Alternatively, given that DNA sequencing naturally generates multiple copies, another approach is to use multiple sequence alignment (MSA) algorithms, which have been successfully applied in bioinformatics to analyze sequence data. This has inspired Antkowiak et al.  and Yazdi et al.  to adopt a strategy which first inferred an approximate consensus sequence by MSA, and then corrected the remaining errors by other code constraints. Compared with other methods, MSA can solve the IDS errors without adding any logical redundancy or estimating any model parameter. This appealing feature motivates us to ask the following questions:
What is the limit of MSA in error correction? Or given sufficient sequencing depth, how many errors can it correct?
At a given error rate, how many sequences are required to reconstruct the original sequence?
When and how should MSA be combined with other means to achieve a good trade-off between efficiency and reliability?
We believe the answers to these questions will deepen our understanding of MSA’s error correction capability, and provide us with a basic principle to employ MSA effectively. In this paper, employing the most simple quaternary encoding and constraints, we use a typical MSA algorithm, MAFFT , to examine the error correction capability of MSA in DNA storage. Simulation results reveal that there is a phase transition of its recovering performance at about 20% errors. Below this critical value, MSA’s error correction performance could approach complete recovery with sufficient sequencing depth. Considering the storage cost and reading efficiency, our results indicate that MSA is the optimal choice in the low error regime. In the medium error regime, MSA aided by other means, such as repeated markers or ECC, may be a competitive solution. In addition, we find that MSA is robust to imperfect clustering. To the best of our knowledge, this is the first study focused on understanding the error correction capability of MSA.
In bioinformatics, MSA has long been a well-studied problem. Given a set of strands, it tries to find a global alignment that minimizes the sum of pairwise distances. It is of supreme importance in biology and is mainly used for phylogenetic analysis, juxtaposing nucleotides that have been inherited from a common ancestral nucleotide in order to infer homology . Aligning sequences this way has important applications in bioinformatics, and could be extremely useful in DNA storage, as the alignment itself could indicate the synchronization positions.

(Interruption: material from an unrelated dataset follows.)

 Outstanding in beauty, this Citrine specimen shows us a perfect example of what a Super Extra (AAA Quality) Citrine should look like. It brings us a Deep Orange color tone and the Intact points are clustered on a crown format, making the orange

The basis of multiple sequence alignment is the Needleman–Wunsch dynamic programming . However, its time complexity grows exponentially with respect to the number of sequences. Therefore, researchers mainly use heuristic methods such as progressive alignment, which although does not guarantee optimality, provides a sound estimate quickly. It does so by first computing all the pairwise distances to build a guide tree, then align the sequences based on the order in the guide tree.
Researchers have developed many heuristic MSA algorithms to align the sequences based on a guide tree. Some of them excel in speed, such as MUSCLE  and Kalign , while some are known for accuracy, such as SATe  and ProbCons . In this paper, we use a MSA software, MAFFT (FFT-NS-2), as a proof of concept on MSA’s error correction capability because of its good accuracy and quasi-linear time for pairwise comparison .

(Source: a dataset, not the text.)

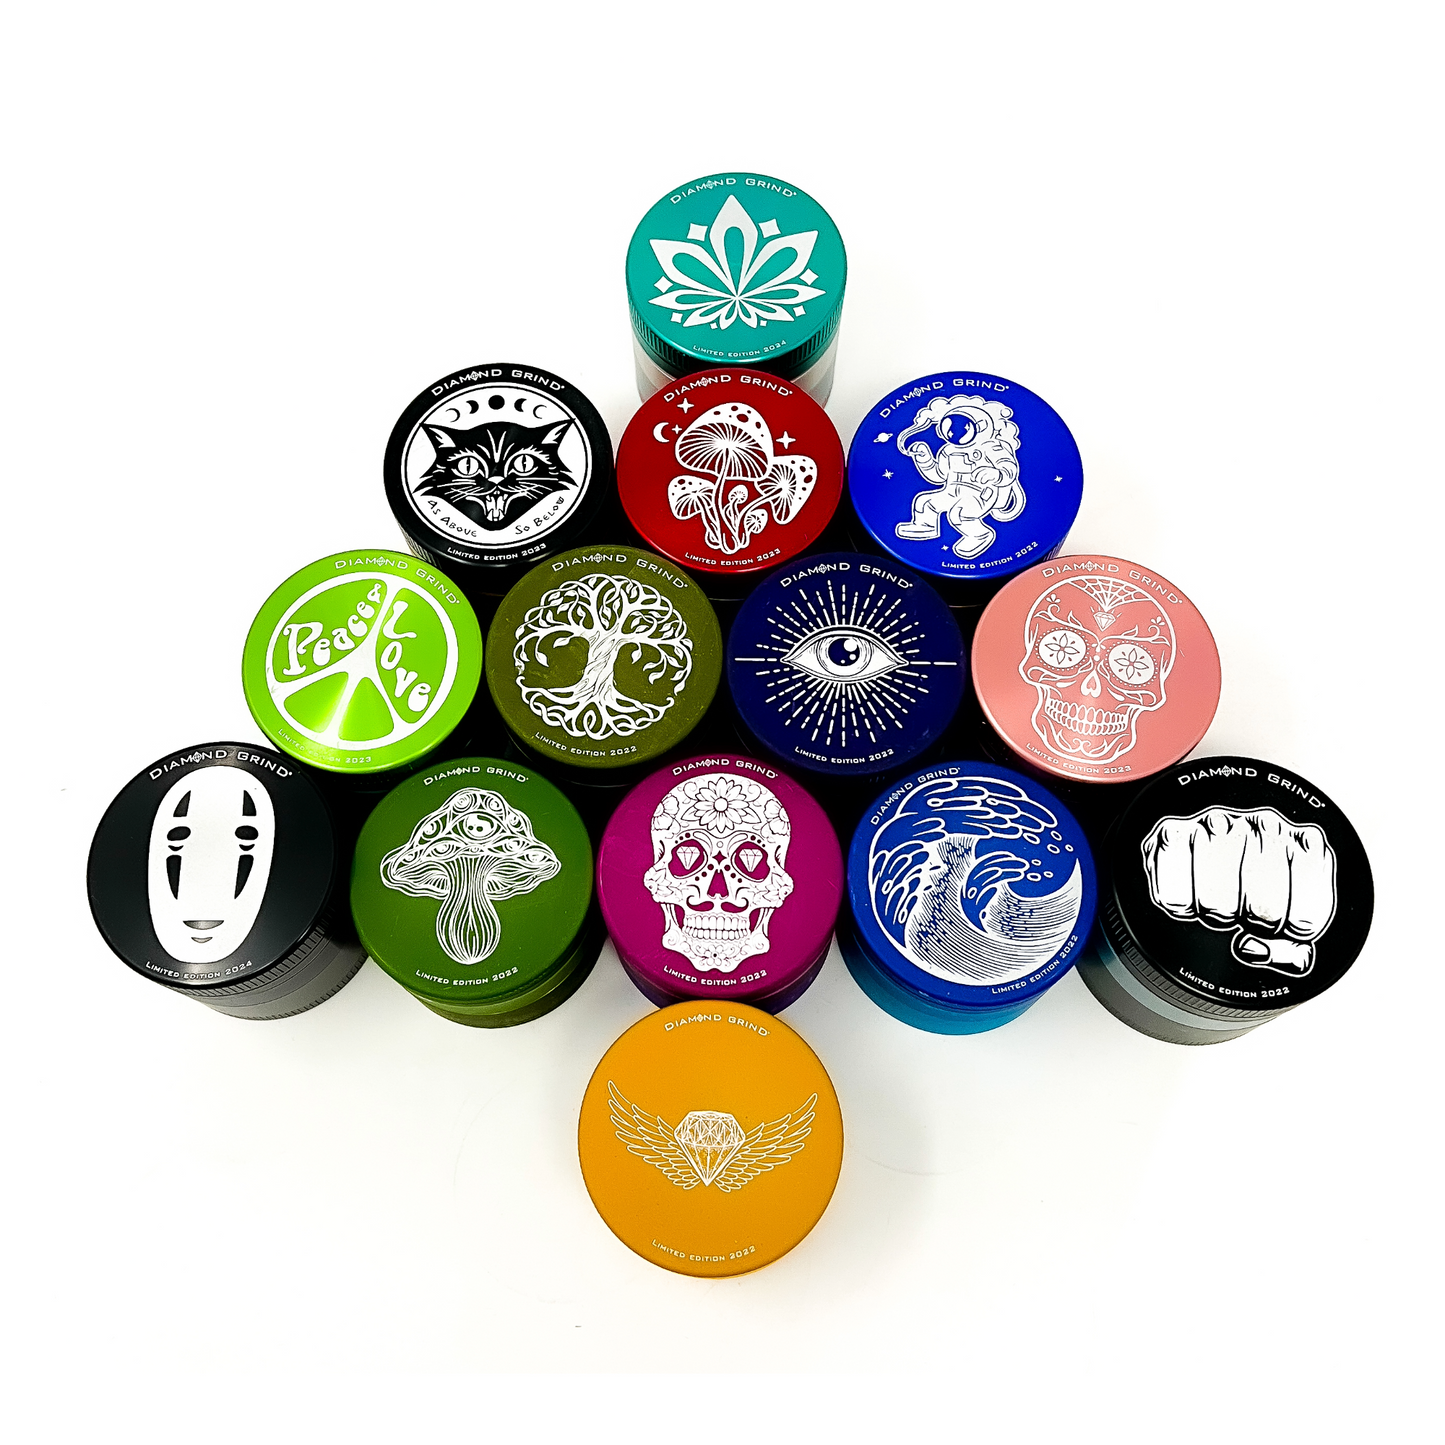 Diamond Grind Limited Edition Herb Grinder 56mm - 6th batch, numbered

Over the years, researchers have developed many MSA algorithms. Some excel in speed, such as MUSCLE  and Kalign , and some are known for accuracy, such as SATe  and ProbCons . In this paper, we use the popular MSA software, MAFFT. By default, it chooses FFT-NS-2, the strategy optimized for speed, which is on par with the fastest MSA algorithms . But it also provides strategies that are state-of-the-art in terms of alignment accuracy, such as L-INS-i , which is comparable to the most accurate algorithms.
MAFFT has good accuracy and takes only quasi-linear time for pairwise comparison. At first, it slides one sequence against another to find homologous, or highly similar segments, which only takes O(nlogn) time since it uses the Fast Fourier Transform (FFT). Then, it can use these identified segments to greatly reduce the area of the DP table, making it much faster than the original DP algorithm. Moreover, this pairwise sequence comparison can be extended to group-to-group alignment.

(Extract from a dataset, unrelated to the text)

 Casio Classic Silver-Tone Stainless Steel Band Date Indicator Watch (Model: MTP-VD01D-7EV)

In short, due to the sequencing depth in this study, speed is essential. Hence, we use MAFFT (FFT-NS-2) as a proof of concept on MSA’s error correction capability.
MSA is a parameter-free error correction method whose performance is determined by the sequence copies used (or sequencing depth). We encode (00-A, 01-T, 10-G, 11-C) a text file named “The Grandmother” into 140 DNA sequences of 120 bases (8 bases for index and 112 bases for data). The error rate p ranges from 1 to 40% and sequencing depth is at most 4000. While there are specific patterns where error occurrence is more likely, for simplicity, we assume the location and type of base errors introduced in synthesis and sequencing are random. Hence, the IDS errors are distributed uniformly at random. For simulation experiments, we assume that all reads have been clustered correctly and we focus on the reconstruction problem of these clustered sequences using MAFFT. For each error rate and sequencing depth, the average results are obtained from 100 repeated experiments.
The phase transition of the error correction capability
Results indicate that MAFFT's error correction capability exhibits a phase transition. Figure 1 shows two phase transitions of the average recovery accuracy at two I:D:S ratios (1:1:1(a) and 1:1:2(b)), and the critical value is at about 20% error. When the error rate is less than the critical value, increasing sequencing depth may improve the average recovery rate (see the lower red region in Fig. 1). However, the needed sequencing depth dramatically increases as the error rate increases. On the contrary, the recovery accuracy drops steeply to even less than 50% in most cases when the error rate is larger than the critical value. And increasing sequencing depth could not improve the recovery accuracy (see the upper blue region in Fig. 1). This indicates that the synchronization errors have damaged the conserved structure among multiple sequences. Therefore, MSA could not capture any useful information from these sequences. These observations indicate that the limit of MAFFT is less than 20%.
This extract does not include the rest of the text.